Istanbul Project retrouve aussi les grandes fresques qui mêlent les femmes aux hommes, tout en les opposant. Danseurs assis, danseuses à quatre pattes à leurs pieds. Ils caressent les têtes des femmes comme on le ferait à son chien, l'esprit ailleurs. Il y a aussi la danseuse coréenne Na Young Kim, qui écarte sans cesse sa robe et ses jambes pour laisser passer un homme...

"Ce que l'on retient d'Istanbul, écrit le quotidien turc Milliyet, c'est des gens qui font leur toilette au hammam, une circulation anarchique, des relations hommes-femmes en forme de maître à esclave, des épouses vouées à la conception, des époux machos, et, tout de même, une belle vue sur le Bosphore." L'article crée une polémique, relayée par l'AFP. En revanche,  Radikal parle de "torrents d'émotion", et Hürriyet, autre grand quotidien turc, écrit : "Istanbul Project n'est ni touristique ni folklorique. C'est une fabrique d'émotions, de pensée, de symboles. Elle articule avec des solos de danse la fragilité, la force, le mysticisme et l'érotisme d'Istanbul, représentée comme une ville d'eau."

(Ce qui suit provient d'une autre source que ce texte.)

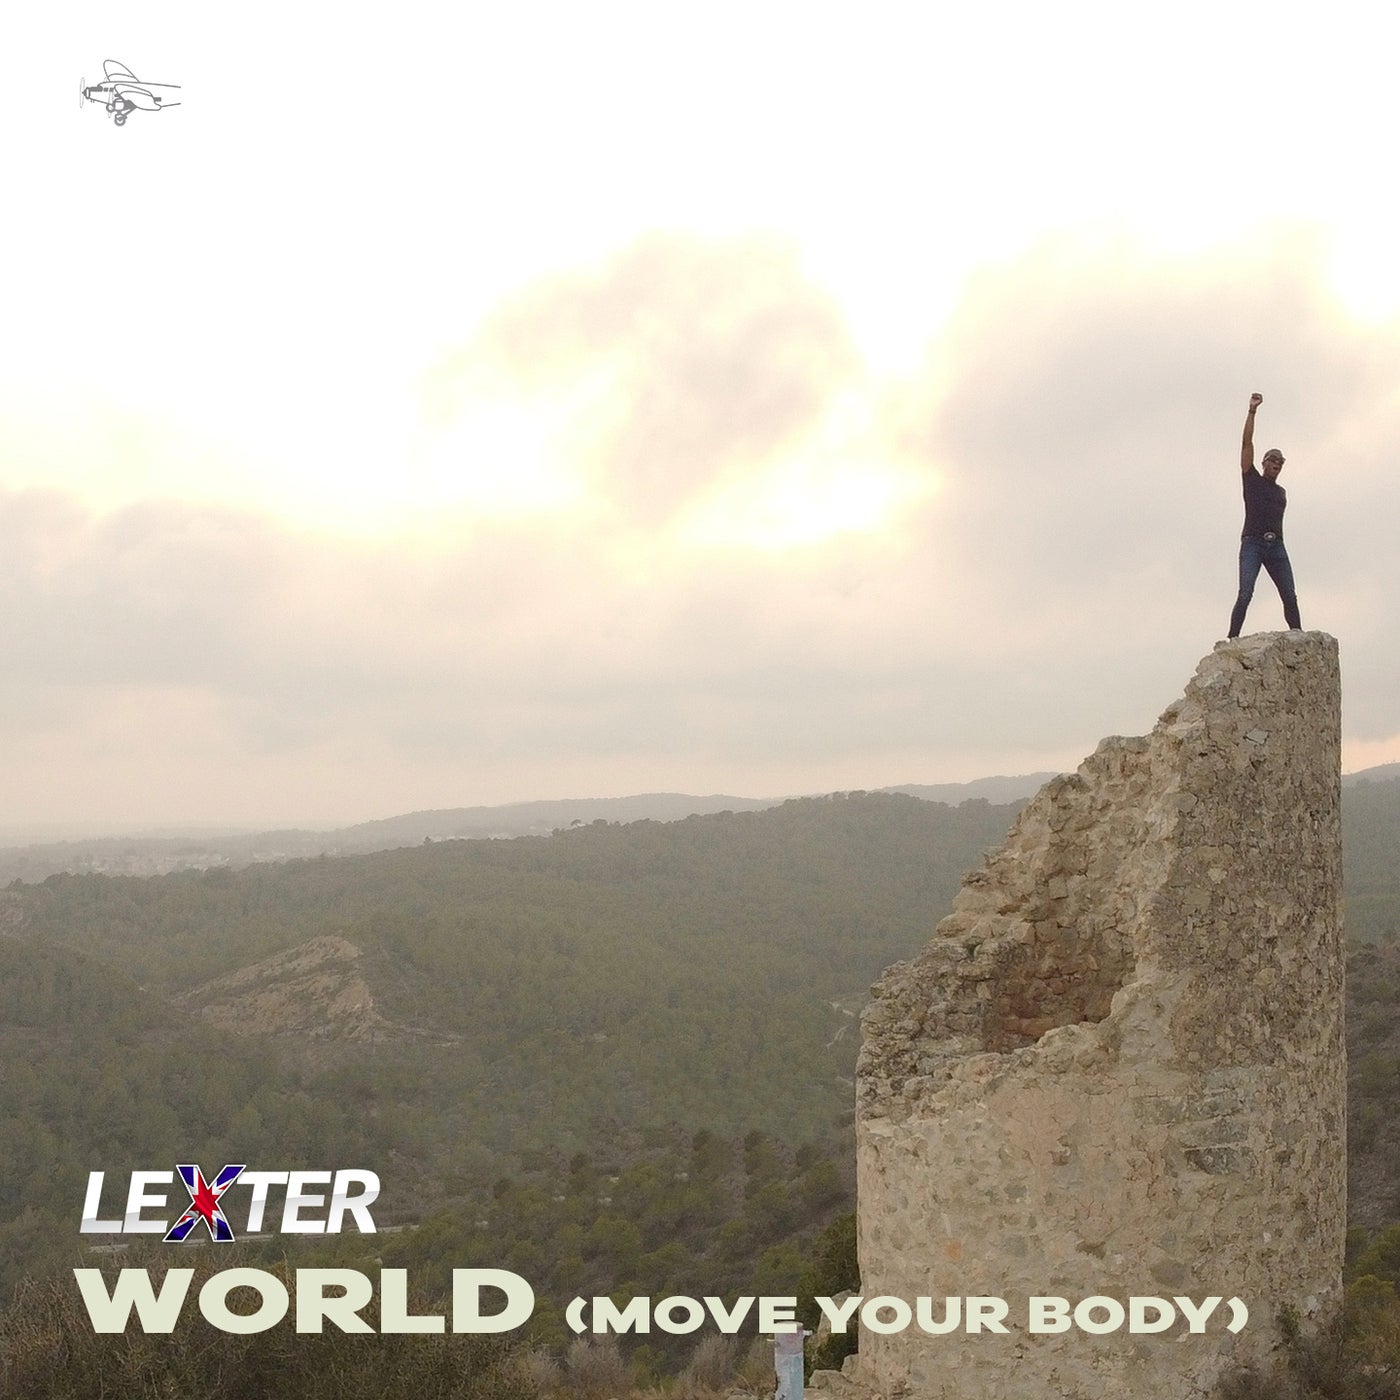 World (Move your body)

Ce que le journaliste du Milliyet ne savait pas, c'est que dans toutes les pièces de Pina Bausch les femmes trinquent. Et les hommes boivent la tasse.

Comment autrement comprendre le chant de tristesse et la danse que le Vénézuélien Fernando Suels termine recroquevillé au sol ? Comment ne pas souffrir quand Alexandre Castres se prend sans raison un méchant coup, quittant la scène avec un air de chien battu qui ne veut pas perdre la face ? N'est-ce pas la douleur et l'humiliation des hommes, de tous les hommes, qui s'expriment là en quelques minutes ? Les solos masculins sont les plus désespérés... Pour mieux s'imprégner d'Istanbul, Pina Bausch a passé de longs moments avec Nazan Olçer, directeur du Musée des arts islamiques, avec Neslisah Sultan, un des derniers représentants de l'Empire ottoman. "Nous sommes des Lilliputiens dans cette ville géante", dit-elle, avouant la difficulté de se concentrer sur sa propre course et d'échapper aux sortilèges du Bosphore, de la Corne d'or, au vertige incessant des cargos.

Sur le plateau d'Istanbul Project se forme peu à peu une vaste mare nourricière. Il y pleut aussi des trombes d'eau qui éclatent comme une délivrance, soulignant l'idée de baptême, de renaissance. L'eau, les mers, les fleuves ? Un plaisir obsessionnel chez la chorégraphe. Istanbul Project bouillonne d'humeurs sombres. Il n'empêche que la volonté de Pina Bausch de montrer les côtés positifs de la vie, désir qui a transformé ses œuvres depuis quelques années, lui a permis d'éviter le désespoir. "Extrêmement démoralisée", elle avait songé un temps à abandonner le projet. Comme en 1991, au moment de la première guerre du Golfe, elle avait pensé rapatrier sa compagnie de Madrid, où elle était en résidence, à son siège de Wuppertal, en Allemagne.

Plus fort que la guerre, la vie. Comment ne pas être enchanté par le numéro de Fabien Prioville jouant au fakir sur un coussin volant ? Par le long déroulé d'une chaîne d'hommes se déplaçant, tout en restant assis sur le sol, par le miracle d'une contorsion assez désopilante ? Istanbul Project se termine sur cette frise, digne de l'Antique. La guerre, ou comment lui échapper ? Kenji Takagi tente une hypothèse. En dansant plus vite que son ombre.

Dominique Frétard


Une fondation forte de cinq festivals

 

L'Istanbul Foundation for Culture and Arts, qui regroupe de nombreuses sociétés et industries, a été créée en 1973 par le Dr Nejat Eczacibasi pour le 50e anniversaire de la République turque. Cette fondation regroupe l'activité de cinq festivals : musique classique et théâtre coexistent depuis le début, le cinéma s'organise dès 1984, le jazz en 1986 et les arts plastiques en 1987. En 1992, la Fondation a reçu le Trophée international des arts et de la culture, de la part de l'Unesco. "Nos festivals sont devenus biennaux en raison de la crise économique, dit Dikmen Gürün, en charge du théâtre. Nous avons malgré tout tenu le pari de recevoir Pina Bausch. L'opération a coûté 40 000 dollars. Pina adore Istanbul, où elle était déjà venue deux fois. En 1998 pour présenter Le Laveur de carreaux, en 2000 pour Masurka Fogo." Dikmen Gürün est pro-européenne. Concernant l'islam, la montée du voile, elle dit que "ces choses-là se résoudront d'elles-mêmes en douceur, à condition de ne pas mettre la pression".